Misguided Judicial Privacy Law Hidden in Defense Spending Bill
A provision in the must-pass NDAA could undermine the rights of journalists and activists.
Earlier this year, as the end of abortion rights loomed, activists picketed the homes of conservative justices. Predictably, this launched a whole debate — about how to balance free speech and privacy, and what forms of protest are acceptable.
(Un)fortunately, Congress has just weighed in on the issue — and only the policy wonks seem to have noticed.
I’m talking about the Daniel Anderl Judicial Security and Privacy Act. This bill has been included in the NDAA, the must-pass end of the year defense spending bill. Intended to protect federal judges from violence, the bill would ban sharing the personal information of judges and their family members. It includes everything from home addresses, to (non-government) places of work, to personal email addresses, and even full birthdays. (You can read the text of the bill here, on page 2487).
As of Thursday night, the NDAA has passed both the House and Senate — and is awaiting a signature from Biden.





Under the Judicial Security and Privacy Act, judges and their immediate family members would be able to send takedown requests to websites that make their info available.
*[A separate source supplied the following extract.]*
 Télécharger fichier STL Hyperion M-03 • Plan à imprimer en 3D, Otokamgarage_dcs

After the request goes out, the website has 72 hours to remove the content. The website is required to take down all instances of the info, and must “assist the sender to locate the covered information of the at-risk individual or immediate family member.” In other words: the site needs to actively take down new posts that contain the information.
This is especially worrisome when it comes to journalism. The bill has an exception for content that’s “relevant to and displayed as part of a news story, commentary, editorial, or other speech on a matter of public concern.” That should allow reporters and even social media users to publish information about judges if it’s in the public interest. But in practice, this kind of language is dangerously subjective. What counts as “public concern”? And who gets to decide?
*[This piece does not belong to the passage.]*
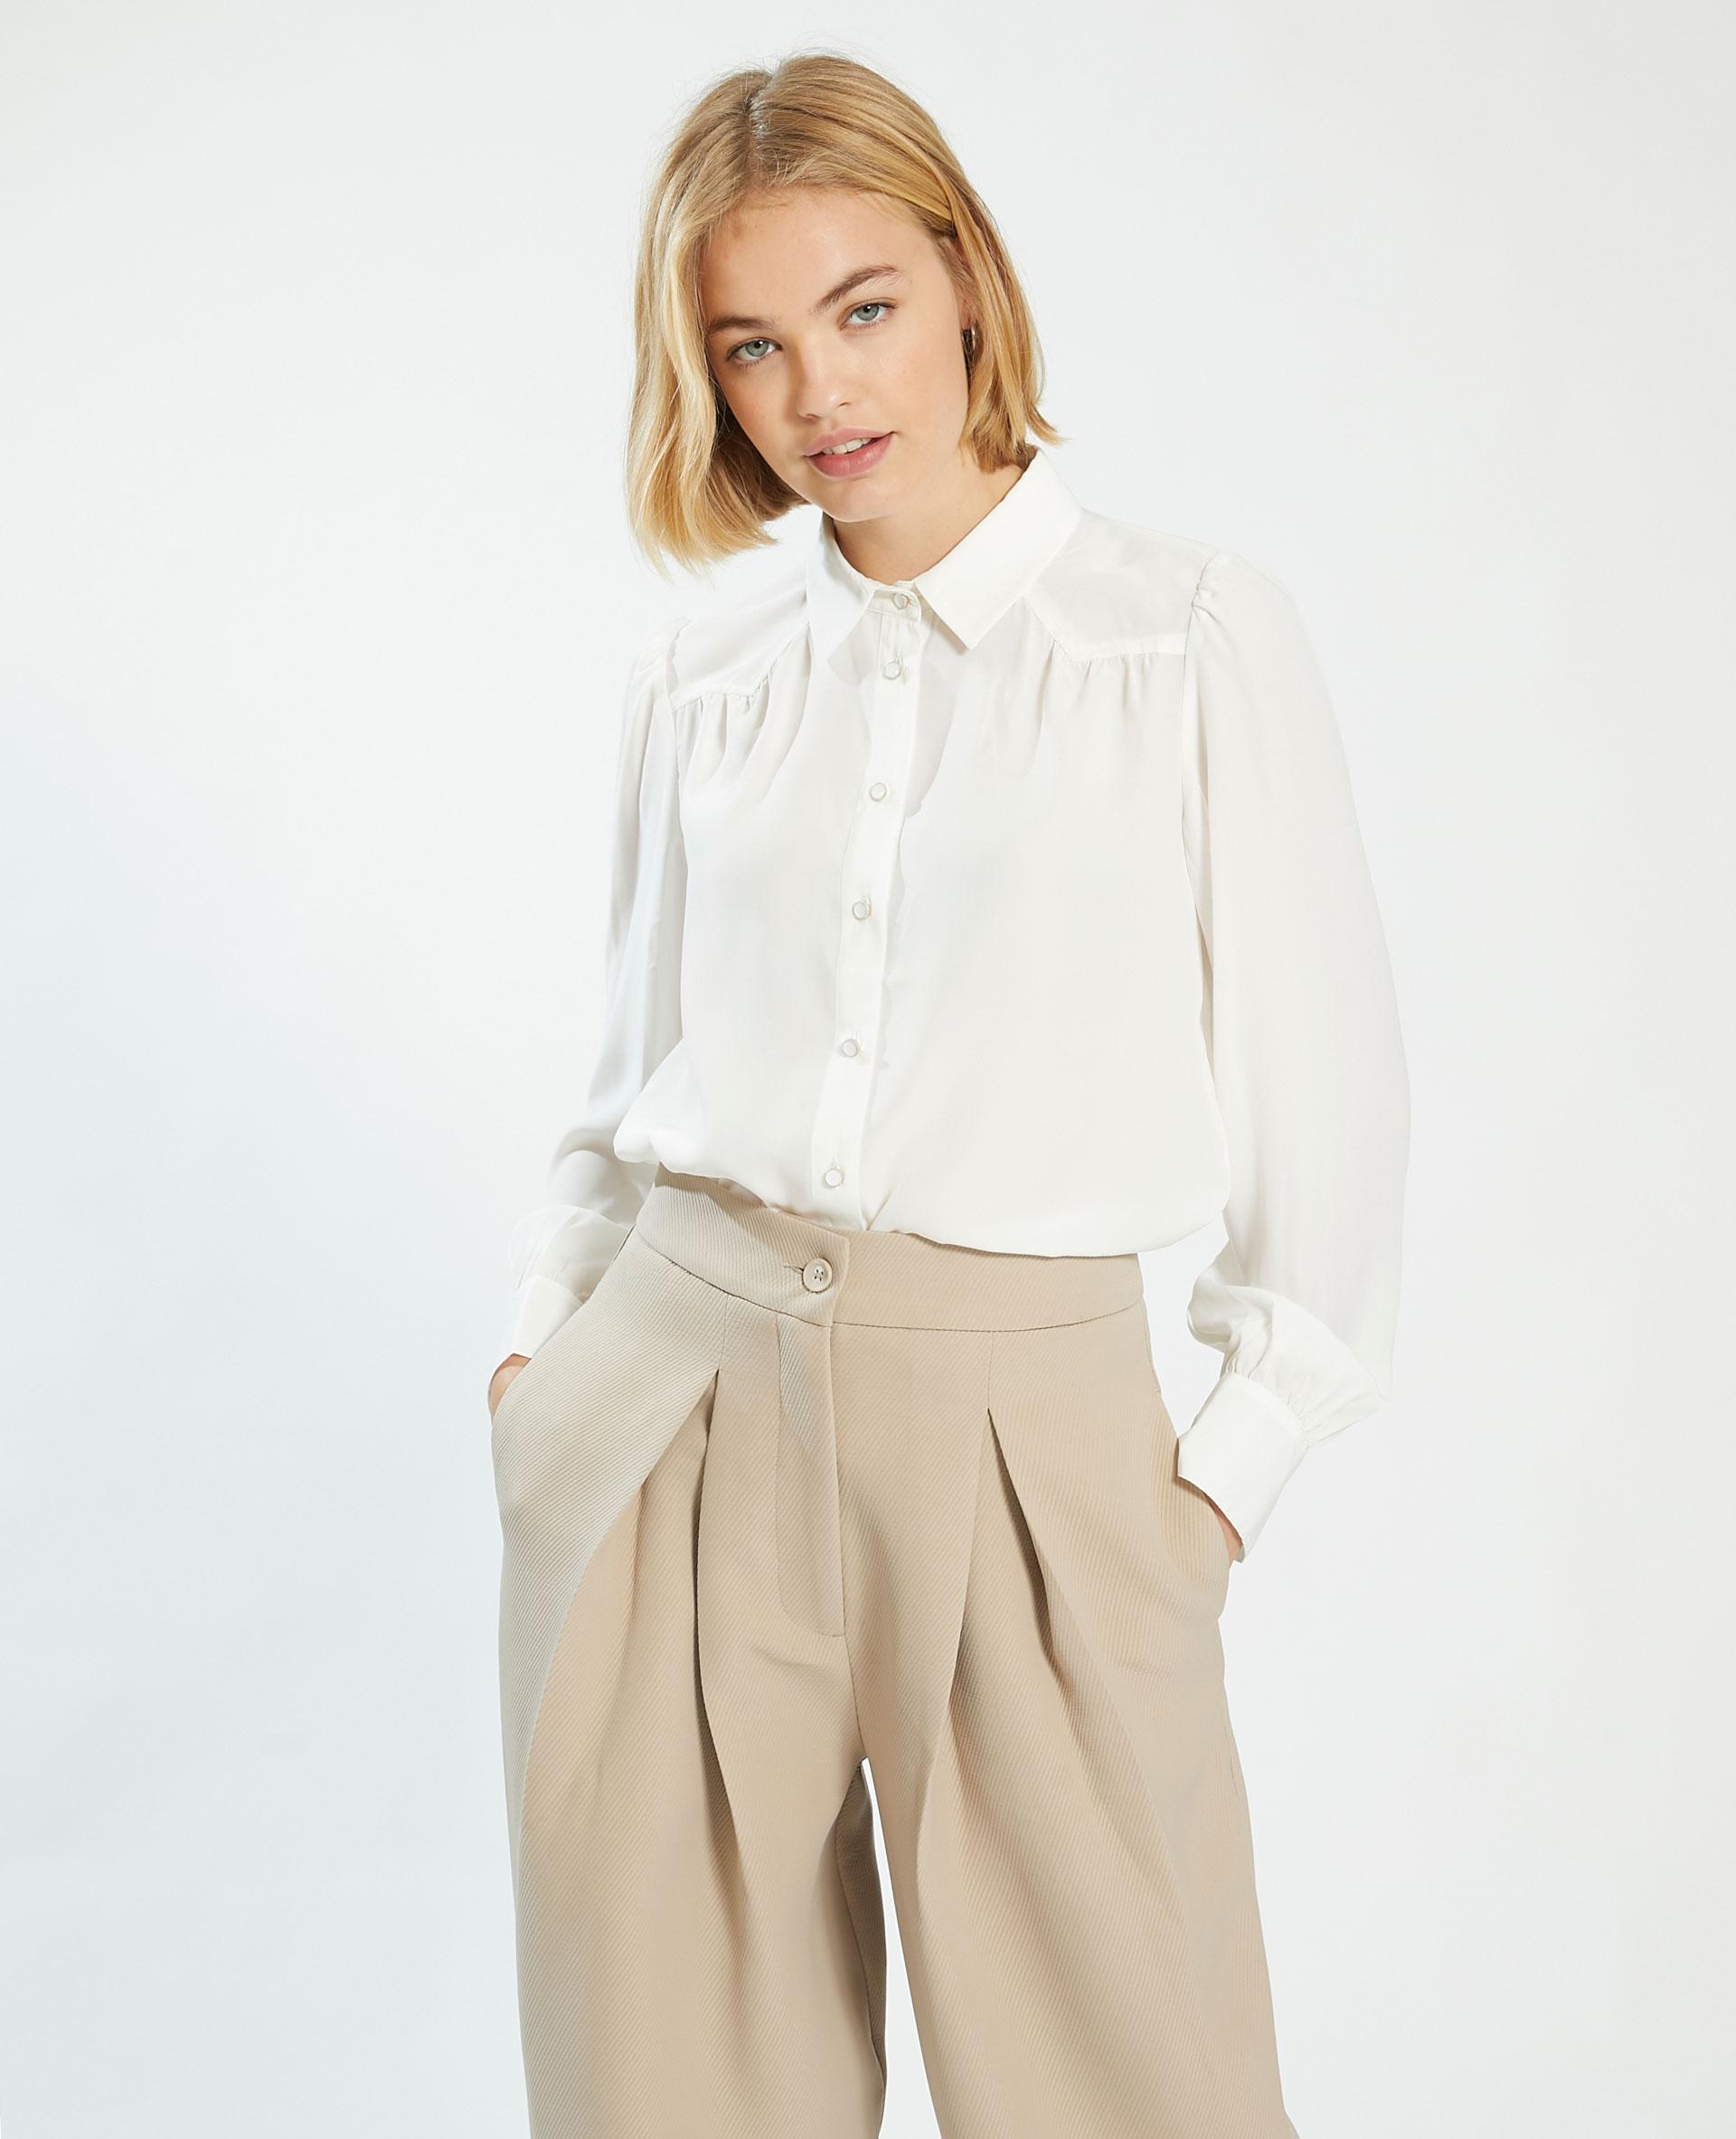 Camicia setosa con bottoni fantasia bianco sporco - Pimkie

Imagine if a credible paper like the New York Times published a story on a judge’s family member — and there was a legitimate reason to include protected personal information. This ought to be a clear example of the law’s exception for newsworthy content. But what happens when people start posting the story to, say, Facebook? (I would have used Twitter as my example if it had any semblance of credibility left).
If the person in question had already asked Facebook to take down info about their workplace, Facebook would be obligated to continue removing that type of content. So when users post the NYT article, Facebook would be under pressure to censor it preemptively.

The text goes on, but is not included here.